Kiatnakin Phatra Securities (KKPS) has reiterated its positive stance on Thailand’s utilities sector, maintaining ‘Buy’ ratings on GULF and BGRIM as the brokerage firm expects macroeconomic headwinds to ease significantly in 2026, ushering in improved margins and potential growth opportunities.
KKPS projects combined net profit after tax (NPAT) for leading utility companies BGRIM, GPSC, and GULF to reach THB 38 billion in 2026, marking a robust 19% year-on-year increase. GULF is anticipated to lead sector growth with NPAT soaring 22% to THB 28 billion, while GPSC and BGRIM are expected to post gains of 11% and 7%, respectively. Over the 2025-2027 period, GULF is also forecast to deliver the highest compound annual growth rate (CAGR) at 18%.
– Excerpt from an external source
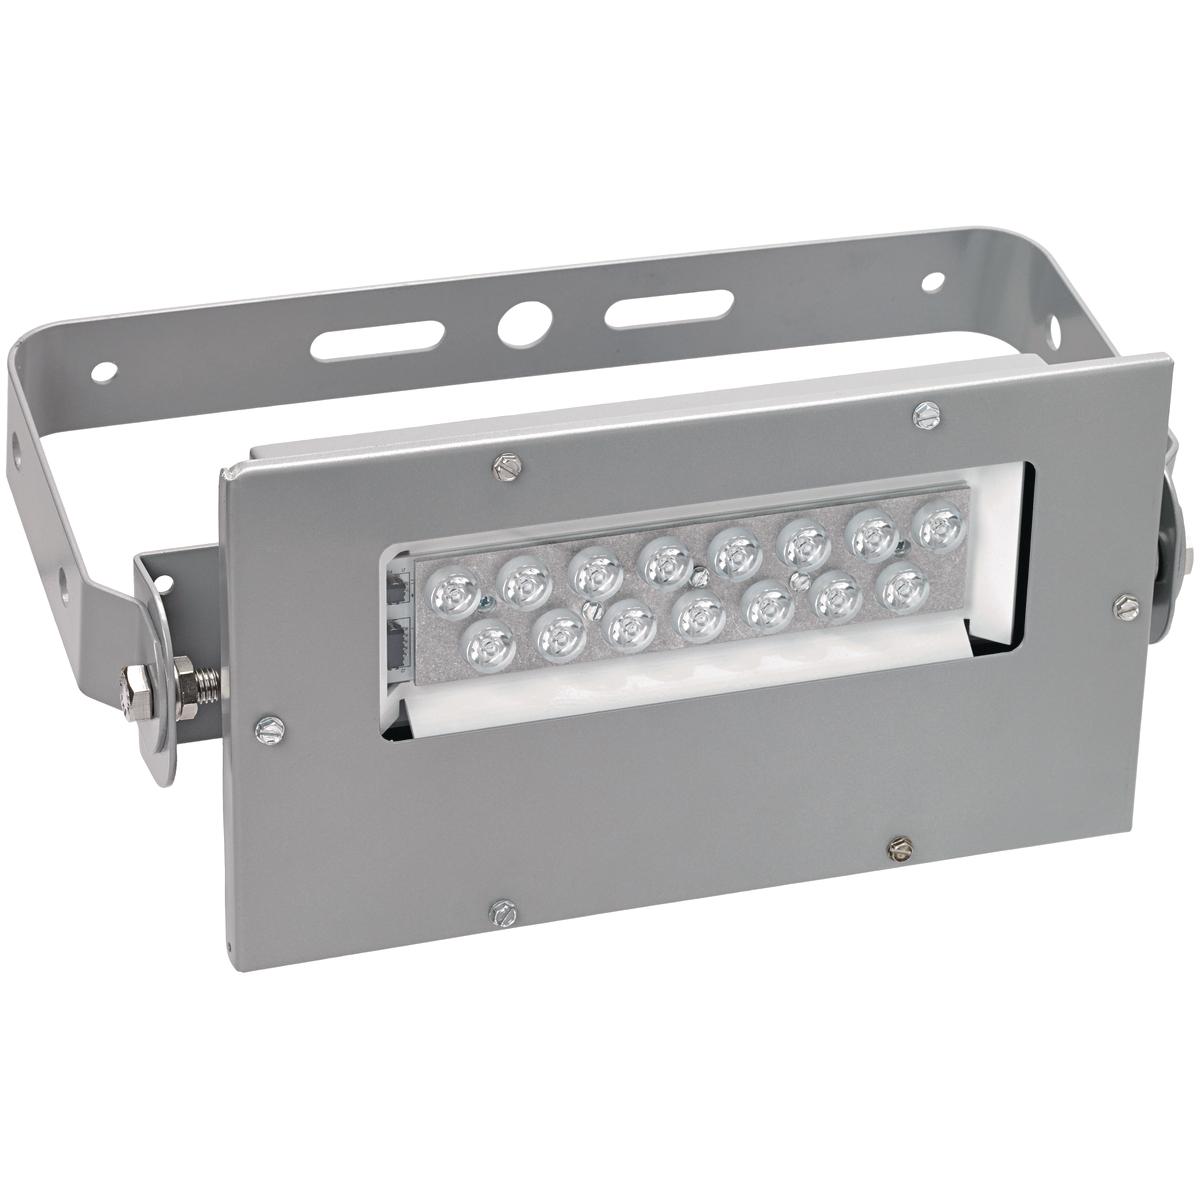 Hubbell KFLC1527 The KFLC Series compact LED floodlights are designed with a copper-free aluminum housing and painted with a powder epoxy finish for superior corrosion resistance in harsh and hazardous environments. Killark LED floodlights provide a crisp white light that

Sector valuations are currently near their historical lows, with price-to-earnings and price-to-book ratios at -1 standard deviation from the historical average since 2012. This is partially attributed to the elevated US 10-year Treasury yield (US10YY). However, with expectations that US interest rates will fall by 2026, valuations are likely to rebound. Lower feedstock costs, most notably an 8% year-on-year decline in pool gas prices and softer LNG and oil prices, should further improve power generation margins.
KKPS also sees the impending release of a new Power Development Plan (PDP) as a potential catalyst. This is anticipated to reflect higher electricity demand from Thailand’s fast-growing data center and electric vehicle sectors. Even in the most conservative scenarios, the country may require an additional 2.5GW in new capacity, possibly reviving demand for conventional power plants alongside ongoing community solar initiatives.
The upcoming 2026 election poses a potential near-term headwind, as political parties may introduce measures to curb living costs, often targeting utility tariffs. Nevertheless, KKPS views such interventions as temporary, pointing to historical patterns of sector recovery following past elections.